Friday, February 5, 2016

qotd: Why it is difficult to make sense of the claims and counter-claims of single payer financing

Philadelphia Inquirer
February 5, 2016
Single-payer health plan wouldn't cost U.S. more
By Steffie Woolhandler and David U. Himmelstein

In our "read my lips/over my dead body" political culture, the threat of
tax increases usually shuts down proposals for single-payer national
health insurance. Lately, conservative pundits - and even liberals like
Hillary Clinton - have been repeating the mantra that single-payer
insurance would break the bank.

Never mind that Canadians, Australians, and Western Europeans spend
about half what we do on health care, enjoy universal coverage, and are
healthier. Their health-care taxes are higher.

Or are they? According to our study in the current issue of the American
Journal of Public Health, American taxpayers picked up 65 percent of the
total health-care tab last year - a figure that will soon rise to 67

We paid $2.1 trillion in taxes to fund health care - $6,560 per person.
That's more per capita than Canadians or people in any other nation pay.
Indeed, our tax-financed health-care bill is higher than total health
spending (private as well as public) in any other nation except Switzerland.

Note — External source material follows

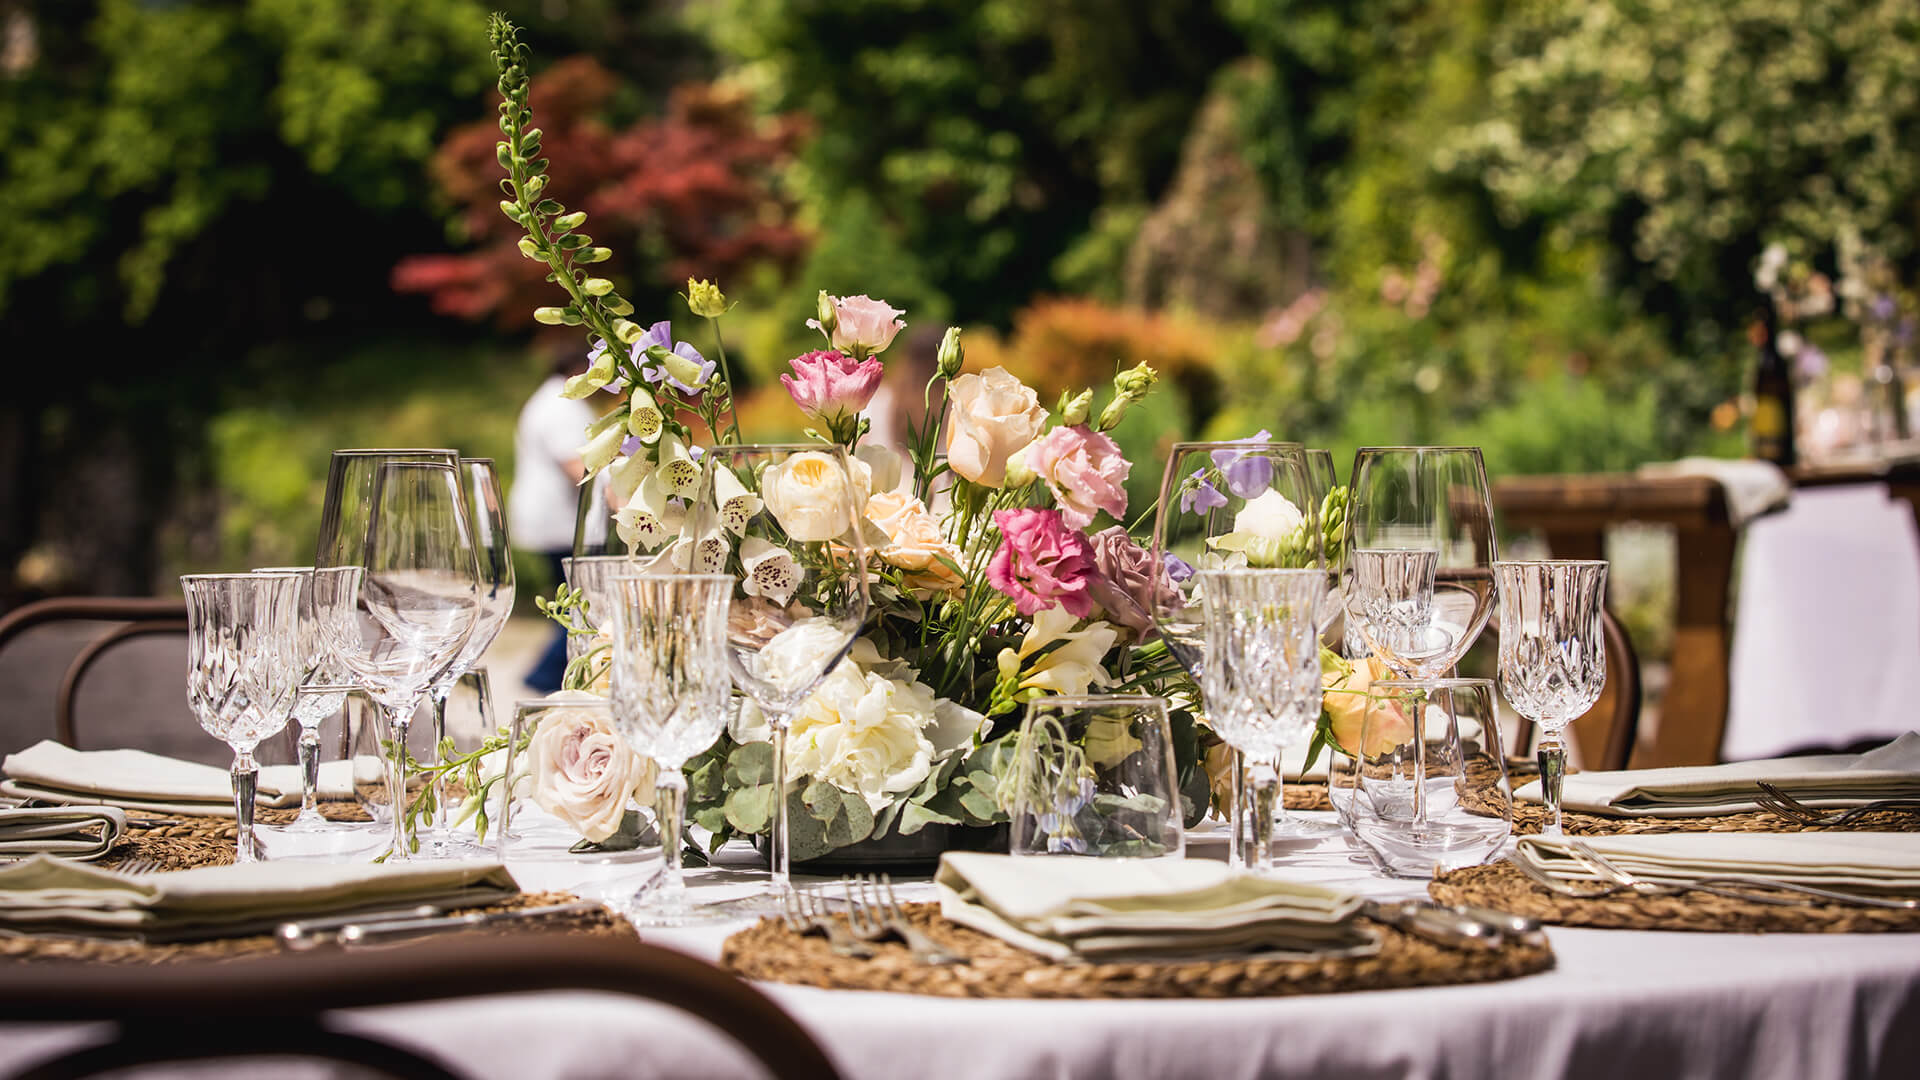 A table laid with flowers ready for guests to arrive for an al fresco lunch

Official accounts from agencies like the Department of Health and Human
Services peg taxpayers' share of U.S. health spending at about 45
percent, a figure that includes Medicare, Medicaid, the Centers for
Disease Control and Prevention, and Veterans Affairs. However, this kind
of tally omits two important items.

First, it leaves out government spending to buy private health coverage
for public employees like teachers, firefighters, and members of
Congress. Indeed, government employers account for 28 percent of all
employer health spending.

Second, it excludes tax subsidies for private employer-paid plans and
other privately paid care - $326 billion last year - that mainly benefit
affluent families.

Omitting these government expenditures from the official health-spending
tabulations obscures the fact that our health-care system is already
about two-thirds publicly funded. In contrast, the Office of Management
and Budget, not to mention most health-policy experts, considers tax
subsidies for private insurance to be tax expenditures.

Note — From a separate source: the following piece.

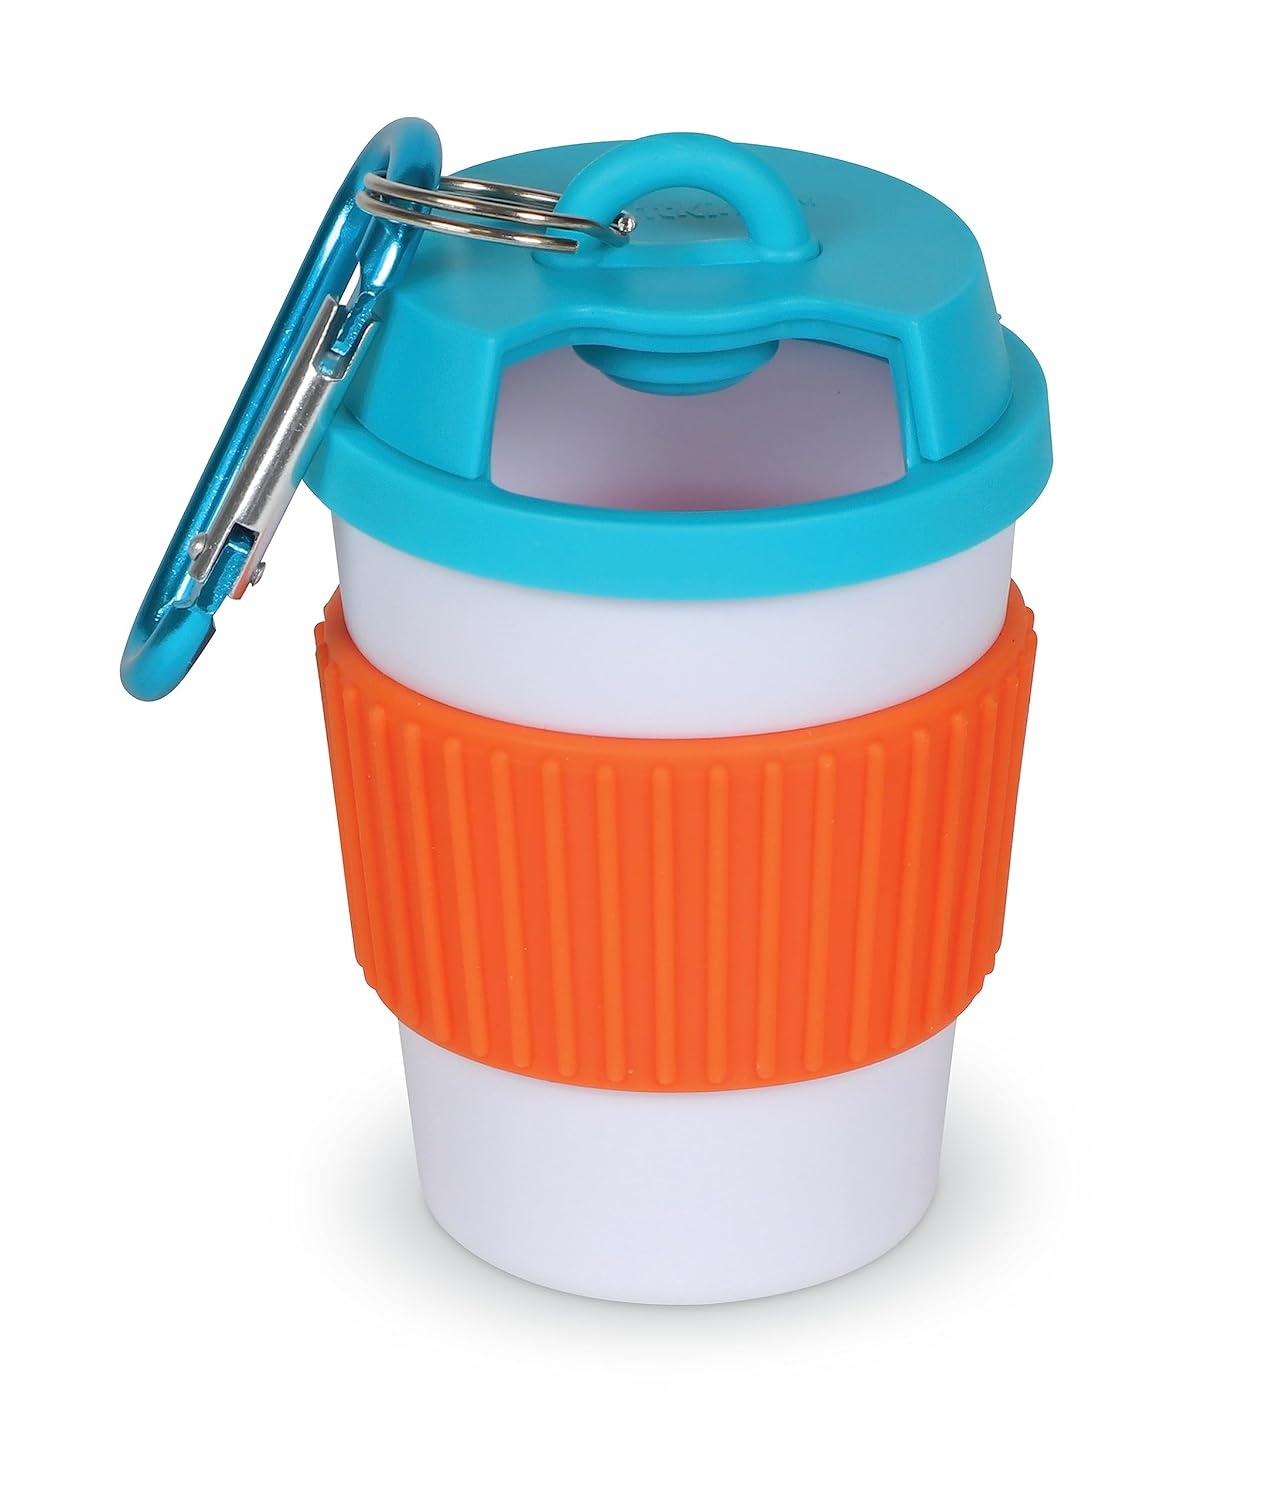 Let's Go Coffee Cup Treat Holders for Dogs

Even many uninsured families pay thousands of dollars in taxes for the
health care of others.

More than one-third of these tax dollars meander through private
insurers on the way to the bedside. These private insurers siphon off 12
percent for their overhead and profits (vs. 2 percent in the Medicare
program) and also inflict huge paperwork costs on doctors and hospitals.
A shift to single-payer national health insurance would save at least
$400 billion annually on paperwork alone, enough to cover all of the
uninsured and eliminate co-payments and deductibles for the rest of us.

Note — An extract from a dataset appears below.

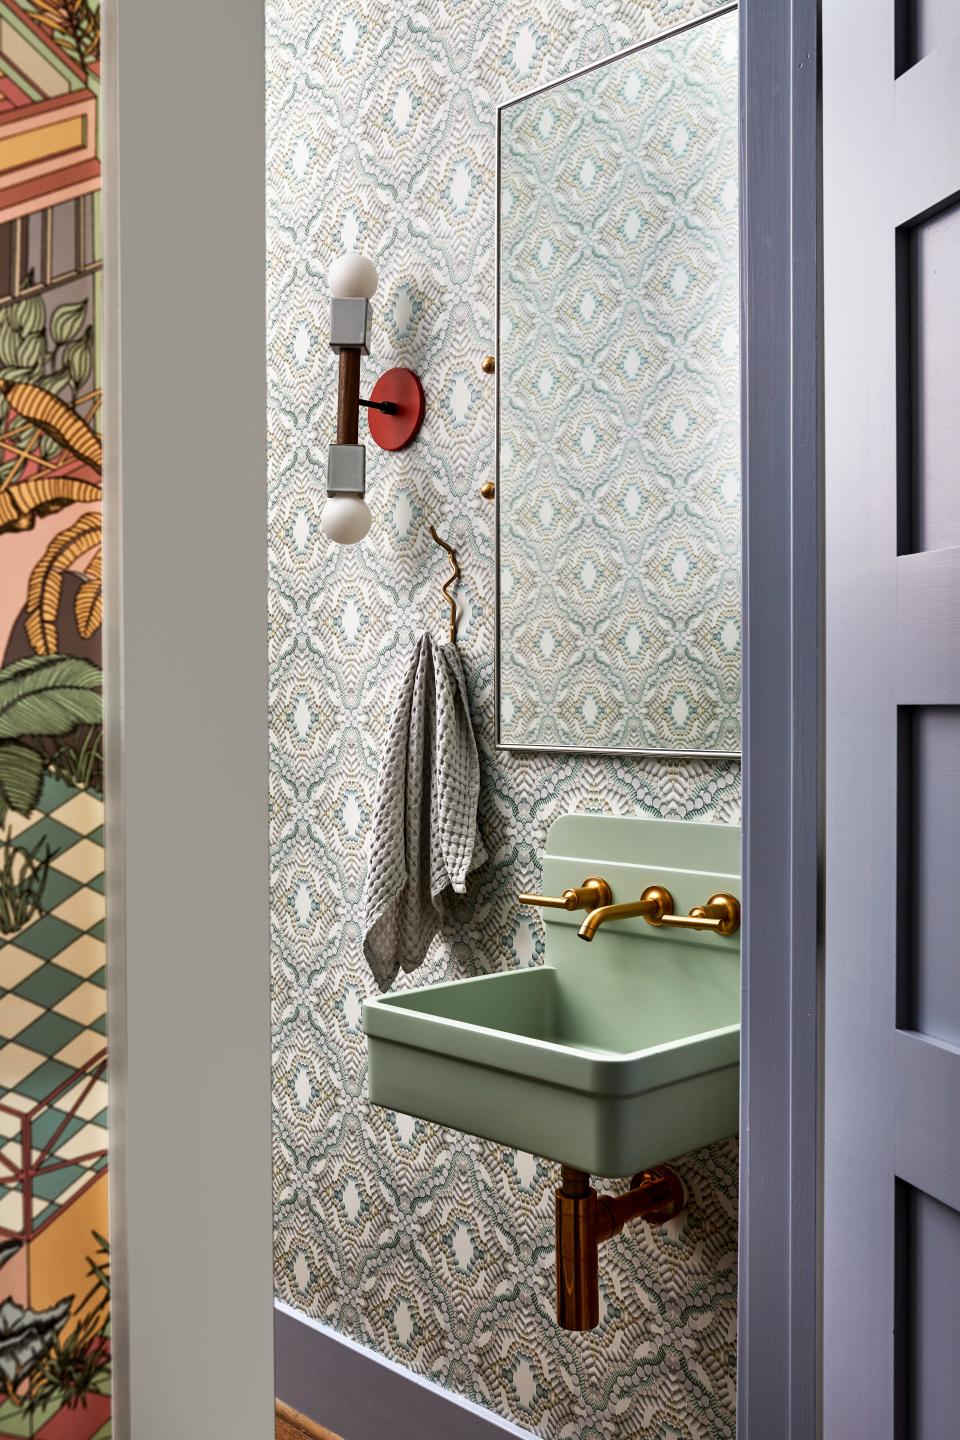 The powder room is a meditative hideaway that conjures its own version of the outdoors. As the owners tell it, Flavor Paper’s Placebo Effect wallpaper wasn’t the first choice. “It was supposed to be in a warmer colorway, but we didn’t think that the oranges, reds and blues worked with the cool tones we had decided on for the room. Then, Zoë and her team showed us a recolored version of the wallpaper, paired with a surface-mount Herbert basin by Nood. Suddenly the room became one of our favorite moments in the entire house,” says one half of the couple. A Farren mirror by CB2 emblazons one wall. The sconce is Cedar & Moss’s Stanton marque.

That means a national single-payer plan wouldn't cost Americans any more
than we're currently spending. Moreover, the taxes to pay for it would
be fully offset by the savings from eliminating private insurance premiums.

Moving from our current level of tax financing, 65 percent, to Canada's
70.7 percent would mean a tax increase of about $185 billion per year.
But Americans would save at least that much on premiums. The vast
majority of American households would come out ahead financially, and
everyone would be covered.

Drug and insurance firms that would lose billions under single-payer
health coverage generously fund its detractors (including Clinton, who
has gotten more health-industry dollars than any other presidential
candidate). These naysayers suggest that a single-payer plan (or
"Medicare for all," as Bernie Sanders likes to call it) would downgrade
Americans' coverage, and they also raise the specter of big tax increases.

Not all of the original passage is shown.